Notorious James Riley Point tower will be stripped back to its core and rebuilt to Passivhaus standard
Council-owned housebuilder Populo Living has received permission to revamp and extend a high-rise social housing tower on the 1960s Carpenters Estate next to the former Olympic Park in east London.
The developer, owned by Newham Council, has won permission from the London Legacy Development Corporation for 136 homes, of which 94% will be a social rent level, plus a new community centre and sports centre, designed by architect Proctor & Matthews.
The homes will be housed within the existing 23-storey James Riley Point tower, which contains 132 flats and which will be stripped back to its concrete frame before being rebuilt, refurbished and extended.

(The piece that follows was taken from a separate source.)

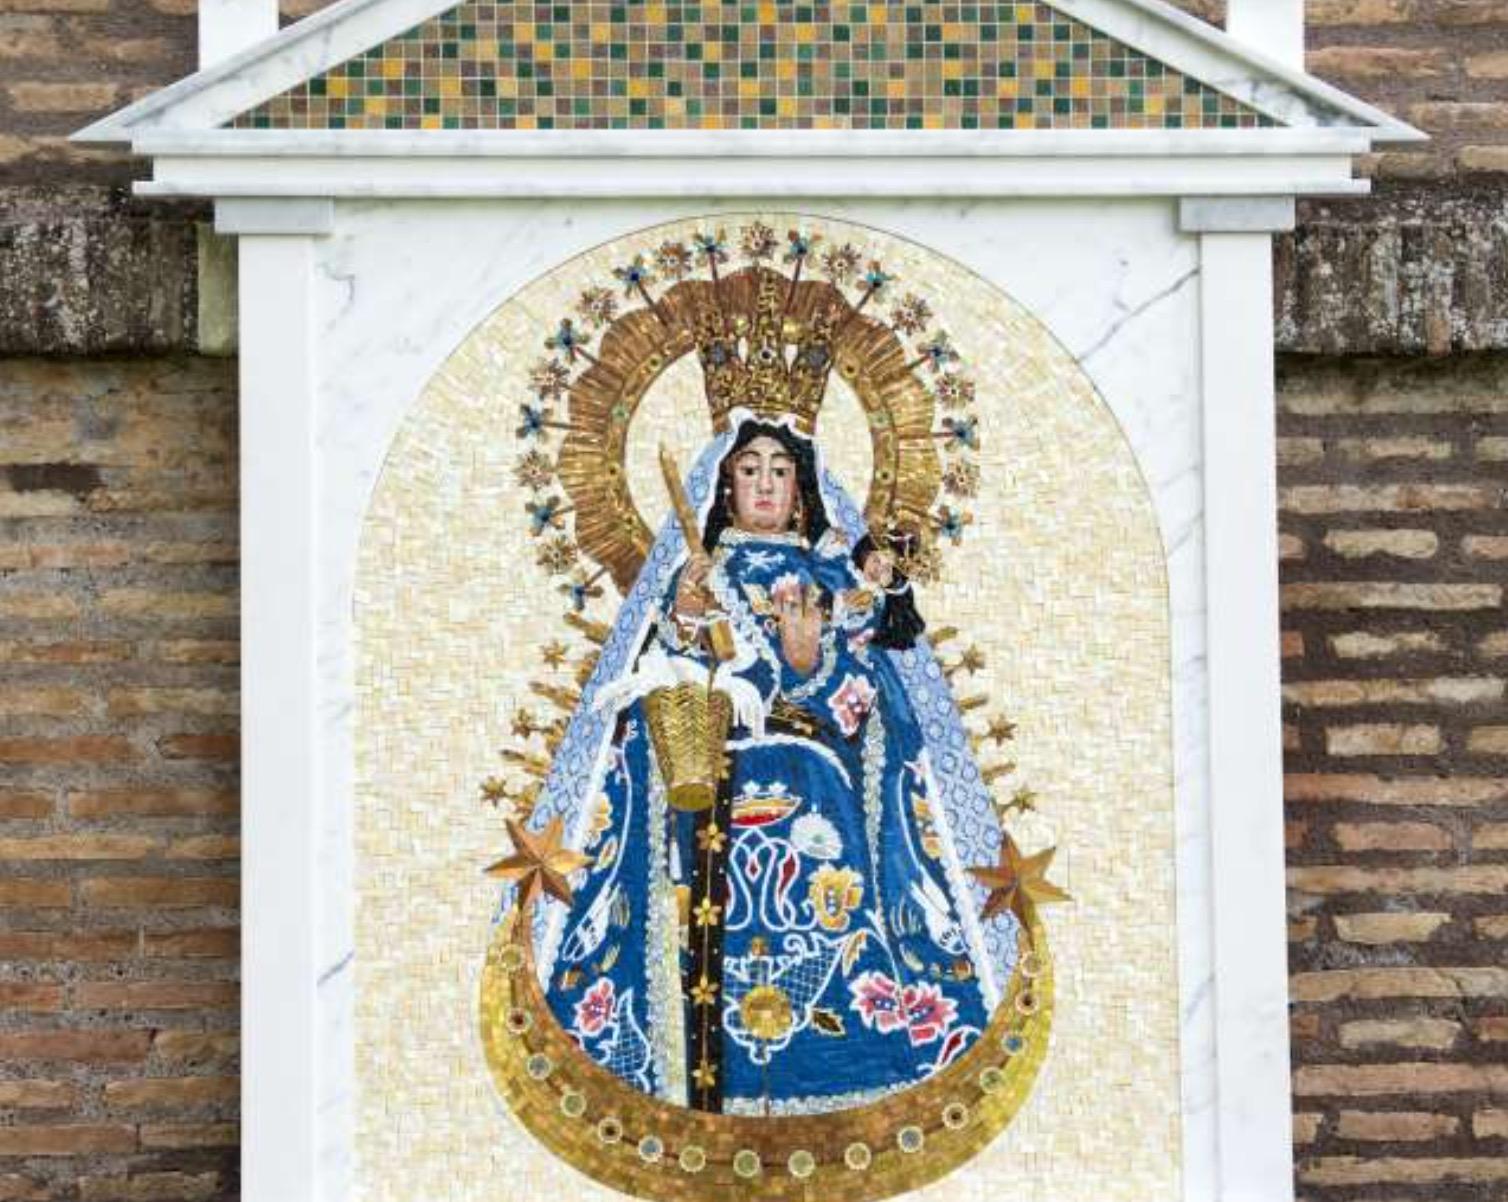 Mosaico representando a la Virgen de Copacabana en los Jardines del Vaticano - (Fto. Cortesía embajada de Boliva ante la Santa Sede)

The tower refurbishment itself, masterminded by ECD Architects, is designed to bring the building up to Passivhaus energy efficiency standards and will see the new homes, with clustered balconies, meet London Plan space standards. Existing tenants will have right of return.
The scheme is the first phase of a wider regeneration of the 710-home Carpenters Estate, also designed by Proctor & Matthews, with Metropolitan Workshop, which will see 2,172 homes built overall, with a minimum of 50% social rent. Tenants voted 73% in favour of the regeneration last year.
Mayor of Newham Rokhsana Fiaz said: “Since my re-election I have tasked the council and Populo Living to get stuff done, and they’ll be hitting the ground running with the restoration plans for James Riley Point, because residents on the Carpenters Estate have waited far too long.”
Gary Alston, design and technical director at ECD Architects, said the retention of the existing structure, rather than demolition and redevelopment, would provide significant savings in embodied carbon. He said: “The reconfigured design provides homes that achieve modern space standards, improved accessibility throughout and external communal and private amenity spaces.
“This exciting low-energy development provides James Riley Point with a new identity that is inspired by its modernist roots.”